Hi Toke, On Fri, Apr 22, 2022 at 01:48:46AM +0200, Toke Høiland-Jørgensen wrote:
I've implemented the Babel RTT extension specified in draft-ietf-babel-rtt-extension in Bird. I've tested that it talks to babeld on a single link and that the two implementations agree on each others' (smoothed) RTT values. However, I'd like to subject the code to some more tortured testing before submitting it to upstream Bird. So I'm sending this note as a request for testing.
Nice work! I replaced the bird binary and changed the interface type to "tunnel" on a mesh of four hosts. Works great so far! Things I noticed: (1) When I forgot to change the config file (one side was type tunnel, on side was type wired), the Babel neighbor metric was stuck on 65535. I think this happens because the expected time stamp was not received and then the metric computation does not work.

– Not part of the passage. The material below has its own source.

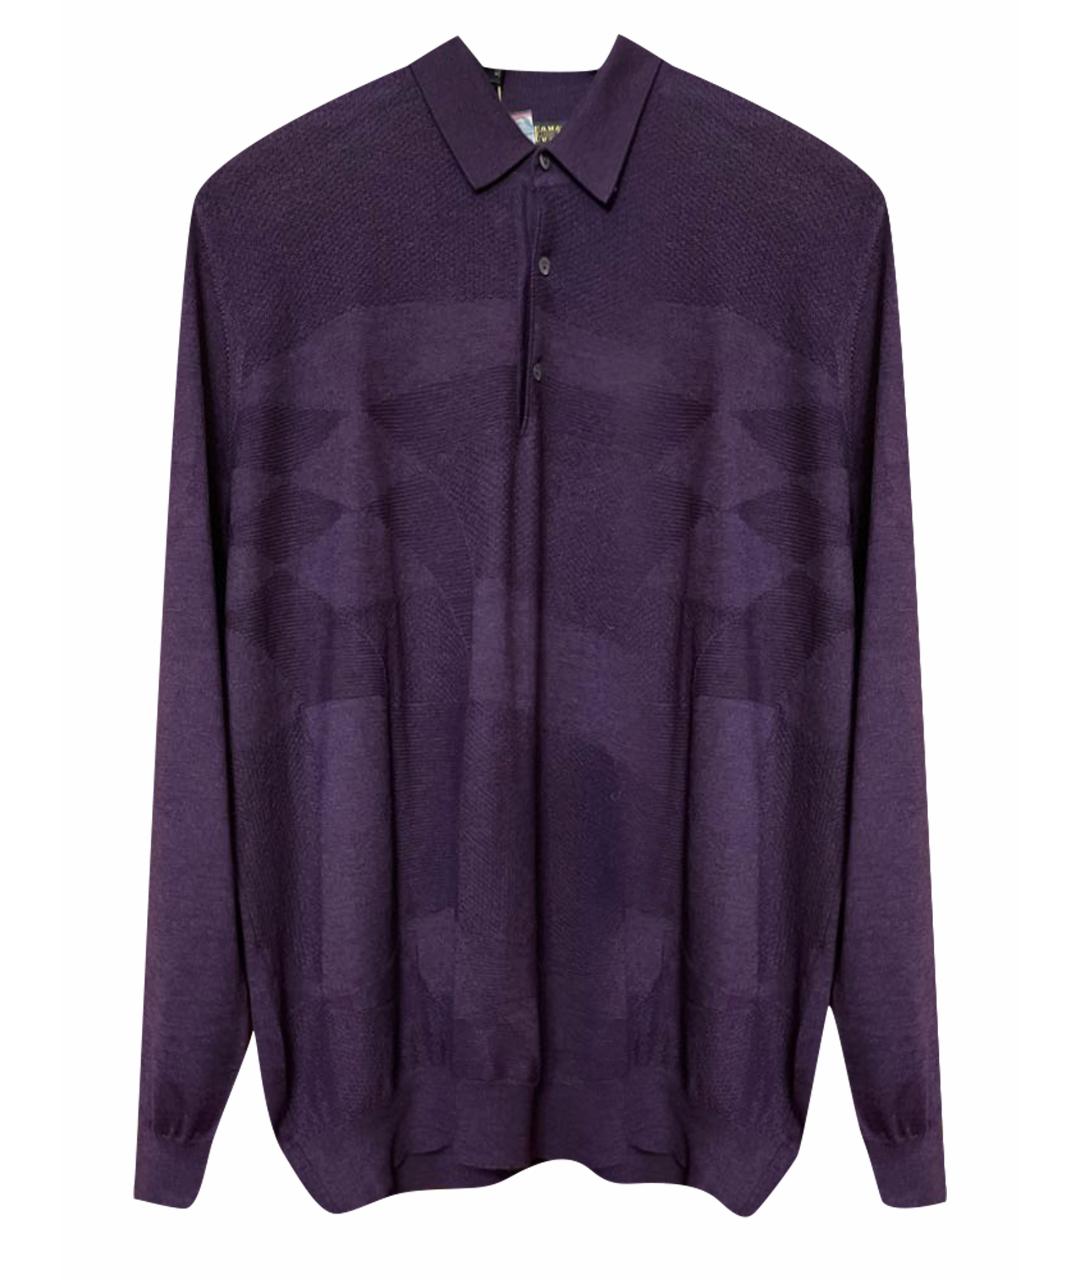 UOMO COLLEZIONI Фиолетовый кашемировый джемпер / свитер, фото 1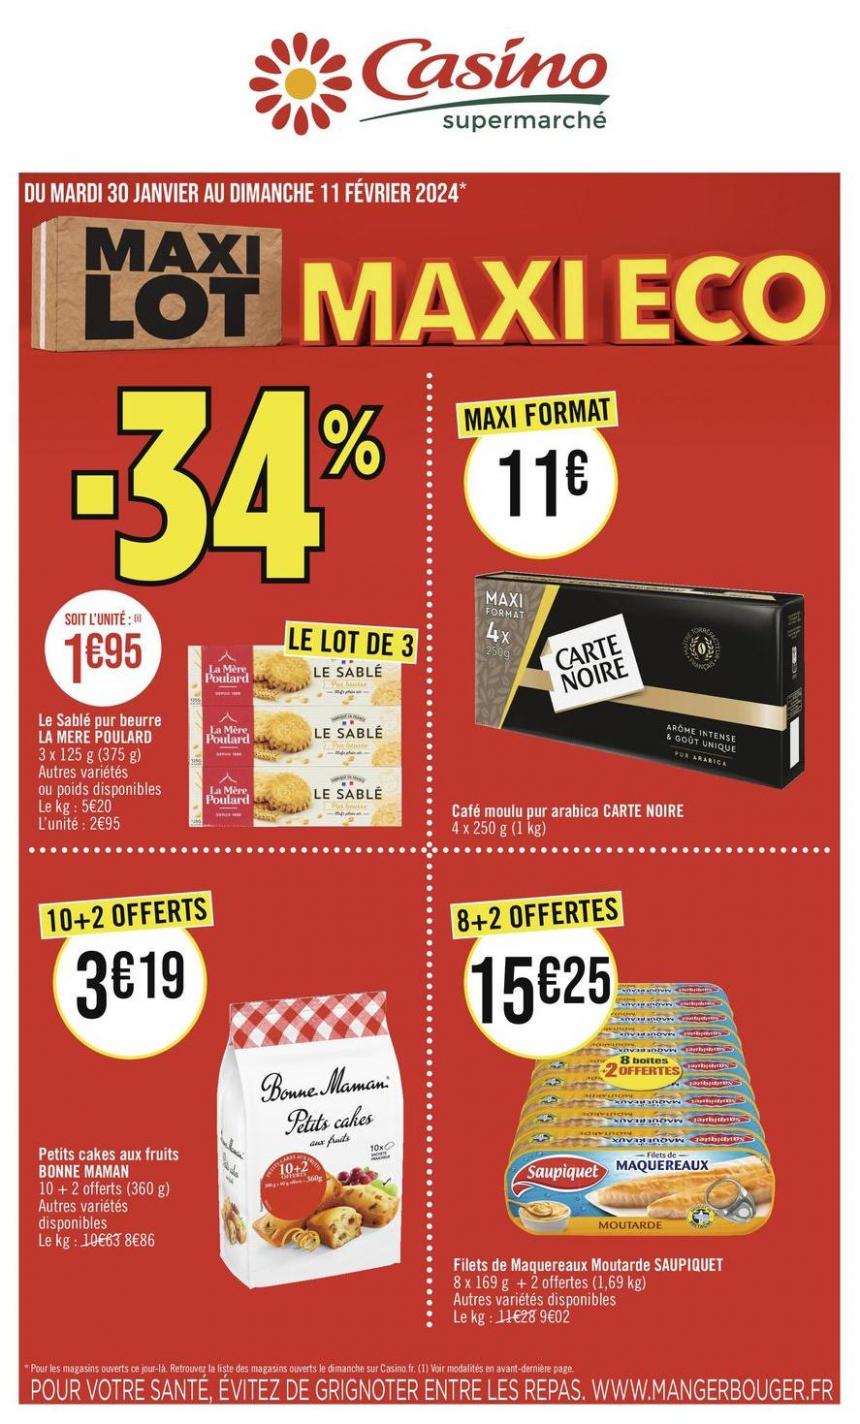 Maxi Lot Maxi Eco. Casino Supermarchés (2024-02-11-2024-02-11)

While I understand that such a "broken" setup is not really supported, it was not exactly clear where to locate the problem. (2) Also I think it would be neat if "birdc show babel neigh" would show latency info (current latency + smoothed value). (3) Due to route flapping I tried to increase "metric decay" to 60s. After running "birdc configure" the values became very large for one link (on one side only).
bird: babel1: RTT sample for neighbour fe80::3 on wg2: 4294966323 us (srtt 99189.162 ms) bird: babel1: Added RTT cost 96 to nbr fe80::3 on wg2 with srtt 99189.162 ms
Nothing changed after >1h. The opposite side was reporting sensible RTT numbers. After I restarted the daemon, the smoothed value was still off for this one link:
bird: babel1: RTT sample for neighbour fe80::3 on wg2: 1241 us (srtt 69656.646 ms) bird: babel1: Added RTT cost 96 to nbr fe80::3 on wg2 with srtt 69656.646 ms
The srtt value did not converge after >1h. For all other links the smoothing works, e.g. for wg1 on the very same host:
bird: babel1: RTT sample for neighbour fe80::1 on wg0: 14570 us (srtt 15.876 ms) bird: babel1: Added RTT cost 5 to nbr fe80::1 on wg0 with srtt 15.876 ms
After restarting bird once more (without changing anything) it works since then:
bird: babel1: RTT sample for neighbour fe80::3 on wg2: 1261 us (srtt 1.313 ms)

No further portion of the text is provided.